PR approval is too boolean. The PR is approved or it's not approved. Real code review, like real life, lives in the middle. 'Sure, fine, we'll deal with it later' is a legitimate human response and should be a legitimate button. Gerrit has a better model for this. If I weakly approve something as a maintainer, let me flag it for later.
PRs are too inflexible. I don't need 4 eyes on every change, especially in a universe where LLMs exist. The global GDP lost annually to senior engineers staring at a four-line PR waiting for someone — anyone — to type 'LGTM' could fund a moon mission. A nice one. With legroom. Let me customize and more easily control this. If the person is a maintainer and the LLM says its low risk/no risk just let them go.
Stacked PRs are just better. They're easier to review and understand. They have to be a first-class citizen not an add-on through a tool other than your VCS.
A forge shouldn't do everything. Issue tracking yes. Kanban board, probably not. Wiki? I doubt it. Everything tools always turn into crap. You add features when its easy to add features and then pay the maintenance price for those features forever regardless of their rate of adoption because now someone, somewhere uses them and you are locked in.

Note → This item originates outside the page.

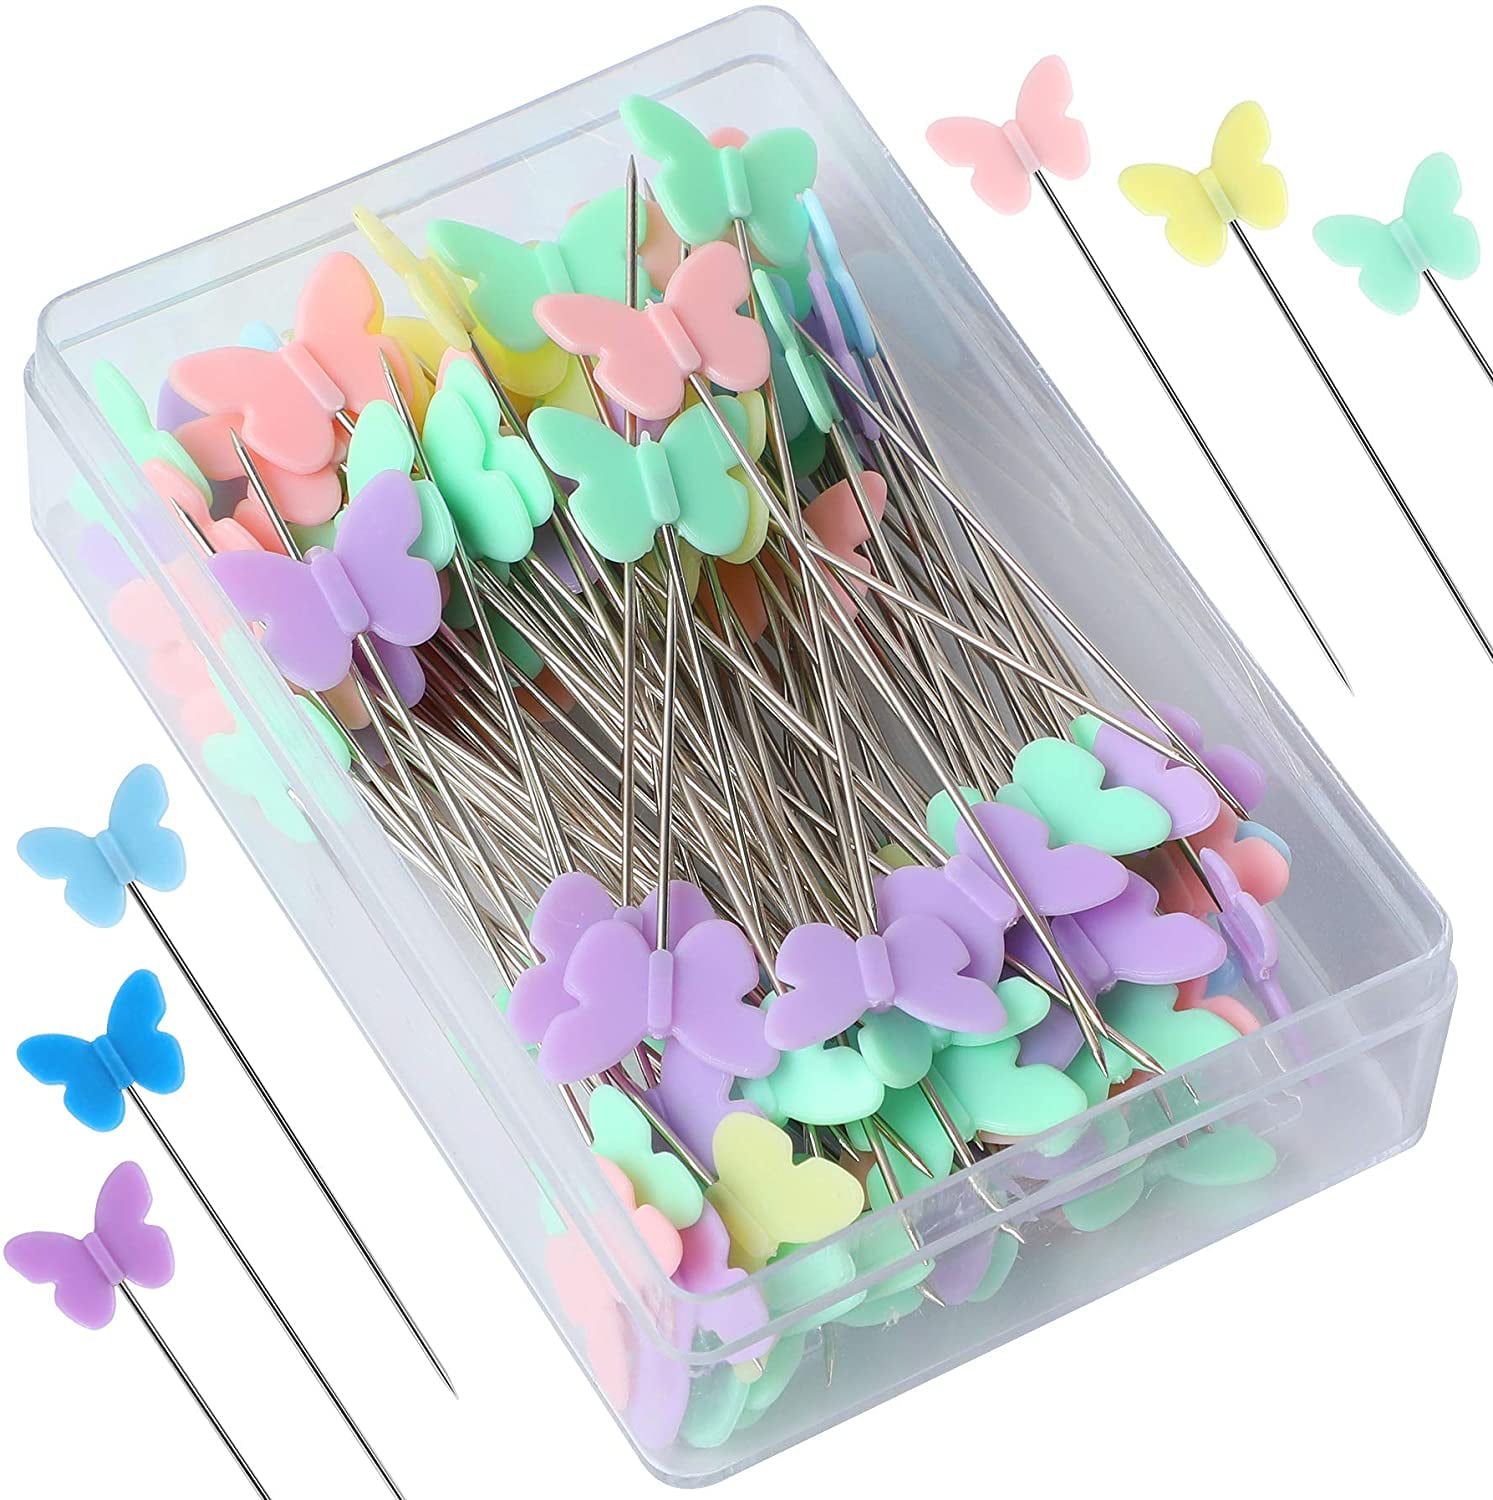 Quilting Pins with Cases,400 Pieces LIUMANG Flat Button &Flower Head Pins,Straight Pins

The standard unit of hosting is too large. Running Github Enterprise is a big task. Running GitLab is also a relatively big ask. These are complicated products with a lot of moving pieces. I want smaller individual units of hosting that I can link together to make an organization. It's fine if they're not globally federated and I need to make an account for each Organization, but an Organization should be flexible enough to let me say "these 12 Raspberry Pis are my org". I don't know how they communicate securely, I hire people for that problem.
My local copy of the repo should be a representation of the entire repo, not just the code. I should be able to approve a PR from the same VCS I use to check in the code. I should be able to go through my issues by looking through local files.
On the flip side, since I need to be online all the time to really work with a team, don't make me pay the storage price all the time. I want my VCS and my forge to work together. If I clone a repo, I want a pretty limited history for that repo when I clone. If I start to go back in time, spin up a worker to go fetch that stuff from the VCS when I need it. I don't need to hammer the forge with giant clone requests on the assumption that I might need to rebuild the forge at any moment with the entire history of the entire project.
Actions need to be signed, SHA'd and usable offline. If I want, I should be able to get tarballs of all my actions, stick them in the repo and tell my system "don't go anywhere for checkout action, that's right here". If I say latest, have that work like Dependabot does now where it opens up a PR to put the latest tarballs in my repo. Actions are critical and they should be runnable on my local machine through the same VCS if I want to.
Well Y Does Some Of That
Absolutely. There are a lot of tools that do parts of this. I want someone to take them, put them all together and fit them up. I want JJ as the VCS, I want this as the forge and I want the expectation that I as a user could live happily with a raspberry pi as a forge for a long time. I want those forges designed around modern concepts like object storage and shallow clones and getting constantly hammered by LLM bots.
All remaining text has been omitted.